Temple was silent. “You wouldn’t really cause a stir and tell everyone that I committed a crime? That would be… awkward for me. I have a reputation here.”
Eve couldn’t believe it. Temple was sitting next to Gallo, who was angry and probably the most dangerous man he had ever met, and he was worried about his reputation? Either his vision or his priorities were seriously awry. “We don’t care about your reputation, Temple. Give us answers, and you just might survive to play another golf game.”
He frowned. “Golf is important. It’s not only a game, it’s a way to cement my status in the community.

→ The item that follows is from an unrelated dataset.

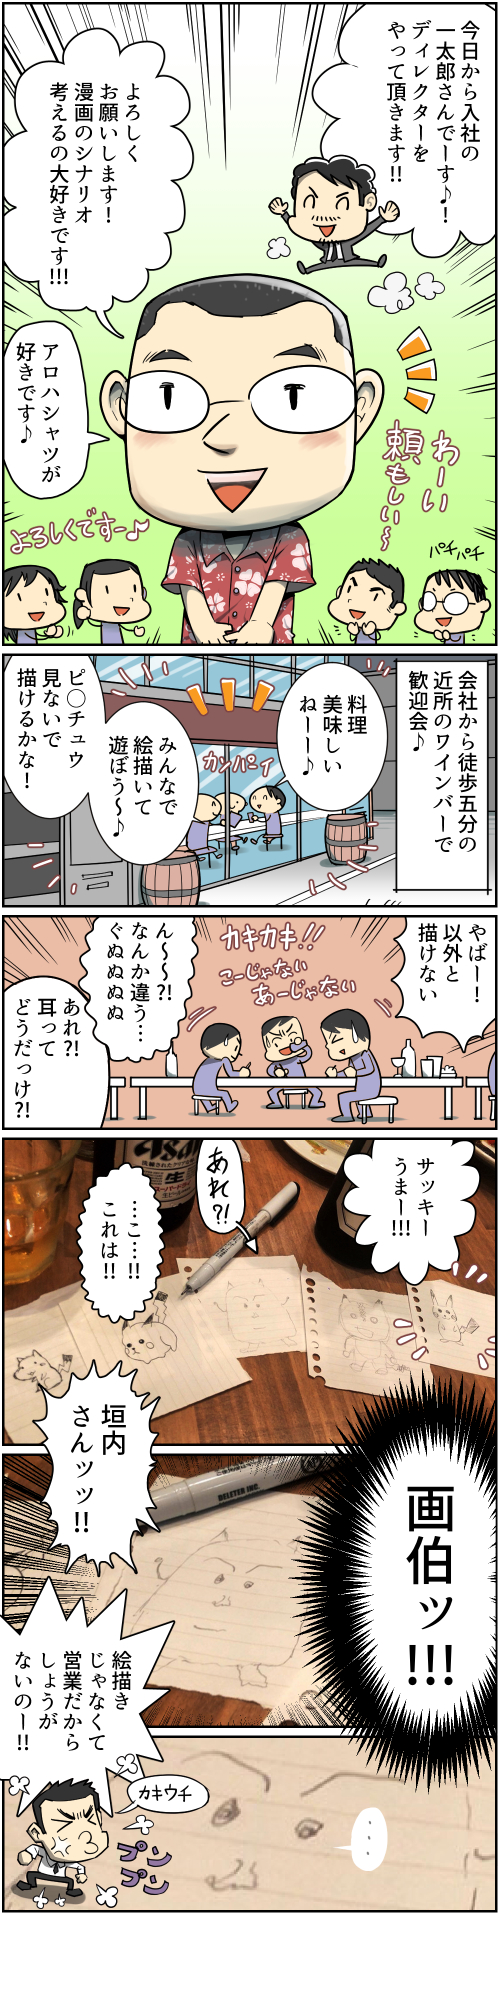 weekly_comic_23_taro.jpg

I realized as soon as I got here that an affluent practice could be just a stepping-stone to get me where I want to be. I have a chance to run for lieutenant governor next year.” He gazed warily at Gallo. “You can see that I can’t let you libel me.”

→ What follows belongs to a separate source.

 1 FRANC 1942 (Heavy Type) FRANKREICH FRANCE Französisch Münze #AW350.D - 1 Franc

“Talk to me,” Gallo said. “Who gave you the money to declare my uncle dead?”
He hesitated. “You’ll protect me? It’s not as if I did anything really wrong.”
Gallo put his hand on Temple’s throat and squeezed. “Talk.”
Temple gasped, and Eve could tell that the lethal danger of the situation had finally become real to him. “You’re crazy. Jacobs told me that this wouldn’t happen. He said nobody cared about Danner.”
“Then you should have asked him why he was trying to cover his tracks.” Gallo’s grasp loosened. “It was Thomas Jacobs? How? Why?”
“I don’t know why. It didn’t matter to me.” He added bitterly, “Just because I was near the bottom of my class at med school, I was stuck in that hospital treating a bunch of vets. Do you know how much I made there? Guys I went to school with had jobs on easy street. I deserved better.”
“Those vets deserved better,” Eve said. “I’m beginning to be glad Jacobs bribed you out of there.”
“Jacobs didn’t mention why he wanted Danner declared dead?” Gallo asked.
Temple shook his head. “He just said he wasn’t important, and no one would follow up if there was a certificate that stated Danner was dead.”
“He was a patient at the hospital? You were his doctor?”
“No, he had been discharged after he’d been treated for pneumonia. I’d never met him.” His hands clenched. “At first I thought maybe Jacobs had helped Danner to cross to the other side because of insurance or something. I was scared I’d be an accomplice. But I checked the hospital records, and Danner didn’t have insurance. So I thought it was safe to take Jacobs’s money.”
“Pretty flimsy,” Gallo said. “There are other reasons than money to kill a man.”
“I
“So you scrawled your name and took the cash.”
“I didn’t hurt Danner. I didn’t hurt anyone. Jacobs promised me that Danner was safe, and he just wanted to disappear. He said it was sort of like the witness protection program. After all, Danner was an ex-Ranger. It could have been true.”
“And you didn’t give a damn if it was or not.”
“No.” His lips curled. “But if Danner’s still alive, as you said, then maybe Jacobs was being up-front about it after all. Go find Jacobs and ask him.”
“I found him. So did Danner. Jacobs ended up with a knife in his chest.”
“Oh, shit.” Temple moistened his lips. “That’s not good.”
“Yes, it might interfere with your political plans.”
Temple recovered immediately. “You can’t prove I had anything to do with it. Jacobs paid me in cash and told me that it wouldn’t be smart for me to mention his name again. I never saw him after that. Why would I? I had what I wanted.”
“But maybe you wanted to eliminate a possible roadblock in your political plans?” Eve suggested. “The police might be interested in your-”
“No!” His chest was rising and falling. “You can’t do this to me. I never saw Jacobs after the night he gave me the money.”
Eve was not sure that they hadn’t plumbed the extent of Temple’s knowledge. “You said you checked the hospital records. Was there anything in them that-”
“I was only checking for insurance. I didn’t care about anything else. I’ve told you everything I know.” His teeth bit into his lower lip. “Jacobs is really dead?”
“Very. Did Jacobs tell you where this witness protection program was going to send Danner?”
“I didn’t ask.”
“Of course you didn’t. You wanted to erase him from your mind. Just a signature, then off you went. No forwarding address in Danner’s records?”
“No.”
It was like pulling teeth. “Who were his doctors at the hospital?”
“That was years ago. You expect me to remember? I didn’t care who was treating him. Probably some loser.